ПУТЕВЫЕ ЗАМЕТКИ Ф. Ф. МАТЮШКИНА.

  
   Обстоятельные сведения о жизни и личности адмирала Матюшкина (род. 1799, ум. 1872 г.) сообщены Я. К. Гротом в его известной книжке о Пушкине и Лицее {"Пушкин" etc., стр. 74-80 и 283.}. Я. К., как и все знавшие Матюшкина, отзываются о нем с глубокой симпатией. По его словам, "в Матюшкине не было ничего блестящего: он был скромен, даже застенчив и обыкновенно молчалив, но при ближайшем с ним знакомстве нельзя было не оценить этой чистой, правдивой и теплой души". Матюшкин, как и Яковлев, принадлежал к числу ближайших друзей Пушкина (особенно по выходе из Лицея), и не даром последний посвятил ему две таких задушевных строфы в своем знаменитом "19 октября 1825 г."
  
   "Сидишь ли ты в кругу своих друзей,
   Чужих небес любовник беспокойный?
   Иль снова ты проходишь тропик знойный
   И вечный лед полунощных морей?
   Счастливый путь!... С лицейского порога
   Ты на корабль перешагнул шутя,
   И с той поры в морях твоя дорога,
   О, волн и бурь любимое дитя!
  
   Ты сохранил в блуждающей судьбе
   Прекрасных лет первоначальны нравы:
   Лицейский шум, лицейские забавы
   Средь бурных волн мечталися тебе;
   Ты простирал из-за моря нам руку,
   Ты нас одних в младой душе носил
   И повторял: "На долгую разлуку
   Нас тайный рок, быть может, осудил!""
  
   Известно, как страшно поразила Матюшкина неожиданная роковая смерть поэта (см. ниже его письмо к Яковлеву)!
   В Лицее Матюшкин был на хорошем счету по учению, и пользовался за свой нрав и доброе сердце всеобщею любовью.
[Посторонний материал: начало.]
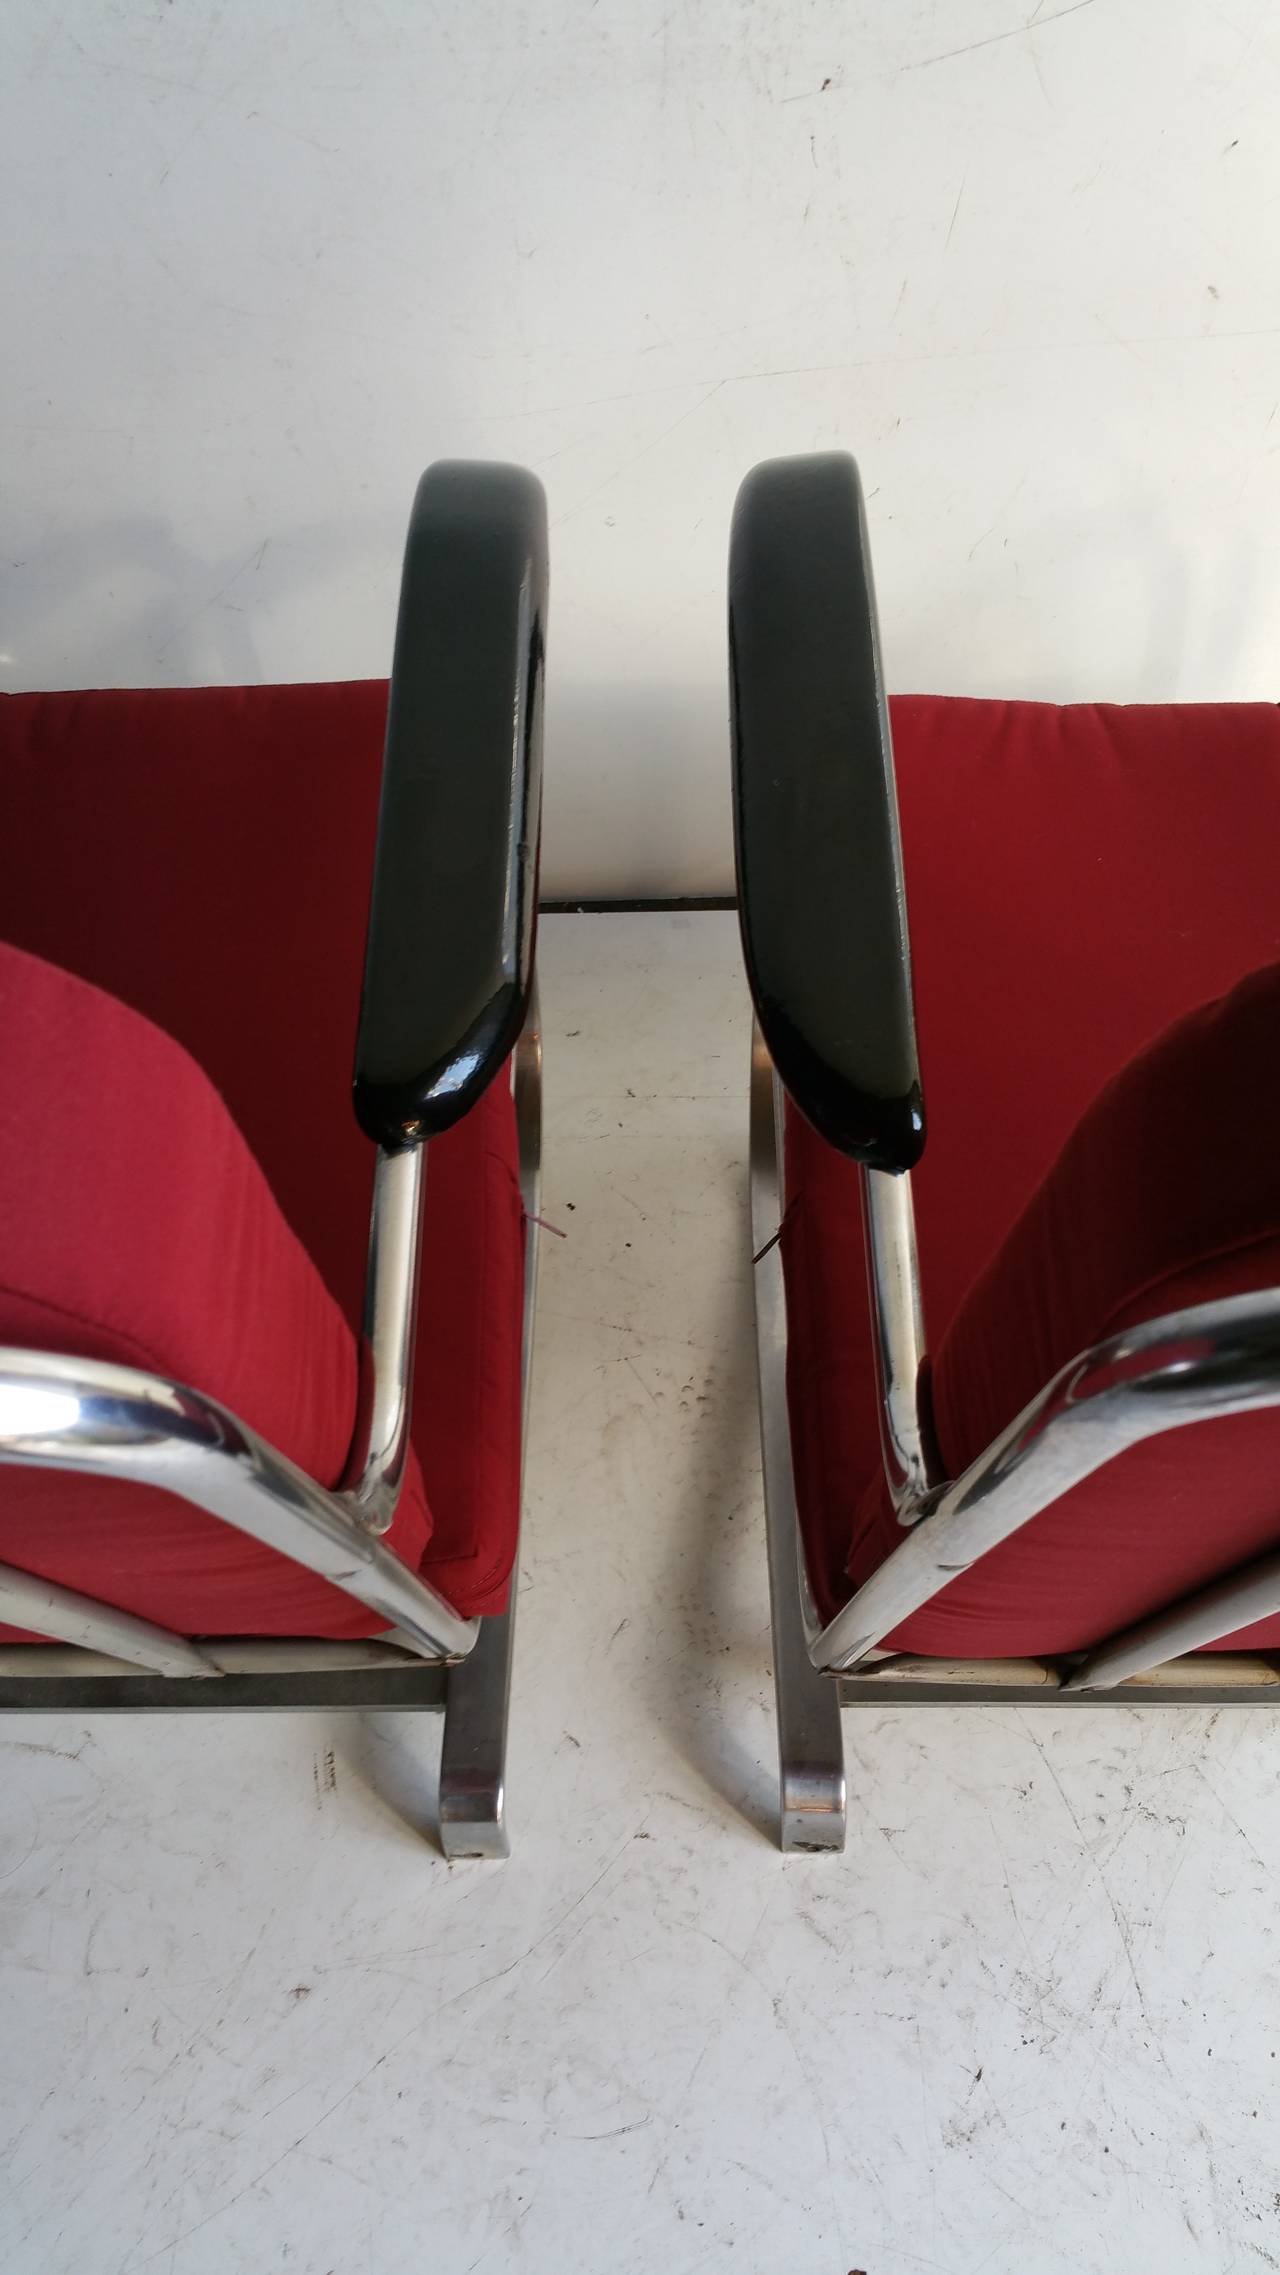 Matched pair Chromed Steel Art Deco Springer Chairs, , LLoyd Mnfg Co. In Good Condition For Sale In Buffalo, NY

Особенно тепло он был принят в семье директора Е. А. Энгельгардта, который помог своему любимцу, мечтавшему о морской службе, тотчас по выходе из Лицея попасть под команду адмирала В. М. Головнина, отправлявшегося в кругосветное путешествие. Во время своих странствий до самого поселения в Петербурге (1849 г.) Матюшкин состоял в оживленной переписке с Энгельгардтом {Извлечения из писем Энгельгардта см. в статье Д. Ф. Кобеко "Вестник Всемирной Истории" 1899, No 1, стр. 90-104.}.
   Когда в 1817 г. летом, вопрос о его путешествии был решен, он из Царского Села, съездив за подорожной в Петербург, отправился 2-го июля в Москву проститься с своими семейными (мать его была классной дамой в московском Екатерининском Институте) и оттуда вернулся в Царское в конце месяца. Об этом-то путешествии и сохранились печатаемые здесь его черновые заметки, которые, быть может, должны были стать началом записок, которые он, как говорит предание, "собирался вести по совету и плану Пушкина" {Грот, "Пушкин" etc., стр. 77.}.
   О передаче Матюшкиным перед смертью своих лицейских бумаг, а в том числе и этих заметок моему отцу, было уже рассказано выше.
   О последней болезни и кончине Матюшкина 16 сентября 1872 г., см. ниже в письмах Я. К. Грота и кн. Эристовой.
  

Путевые заметки между Царским Селом и Москвою

(1817 г.)

  
   Это - черновая, сильно перемаранная поправками рукопись в сшитой тетрадке из грубой синей бумаги на 8 листках, т. е. 16 страничках - в такой же оборванной обложке, на заднем листике которой имеются какие-то морские технические (путевые) записи Матюшкина, из чего можно заключить, что эти листки сопровождали его в морском странствии.
  

Из Петербурга в Москву

  

Июль

   Получивши достоверное известие о том, что я отправляюсь с Василием Михайловичем {Головниным К. Г.} в путешествие, первое мое желание было ехать в Москву проститься со своими; поехавши в Петербург за подорожной и отпуском и получивши оные, я приехал в Царское Село, откуда, поживши три дня у Егора Антоновича, отправился в дорогу, прощаясь с местом, где я, может быть, провел счастливейшее время моей жизни, где в отдалении от родителей я вкушал все приятности сыновней любви, где будучи принят в круг счастливейшего семейства {Т. е. директора Е. А. Энгельгардта. К. Г.}, и я наслаждался его счастием; прощаясь с Егором Антоновичем и его семейством, я не мог удержаться от слез... Я не хотел оставить Царское Село, но оно скоро скрылось...
  
   2-го июля.
   Не знаю, что я чувствовал, когда прибыл в Ижору. Хотя я ехал в Москву, хотя я ехал к любимой мною матери, которую не видал шесть долгих лет, но я не радовался: какая-то непонятная грусть тяготила меня: мне казалось, что я оставляю Царское Село против воли, по принуждению.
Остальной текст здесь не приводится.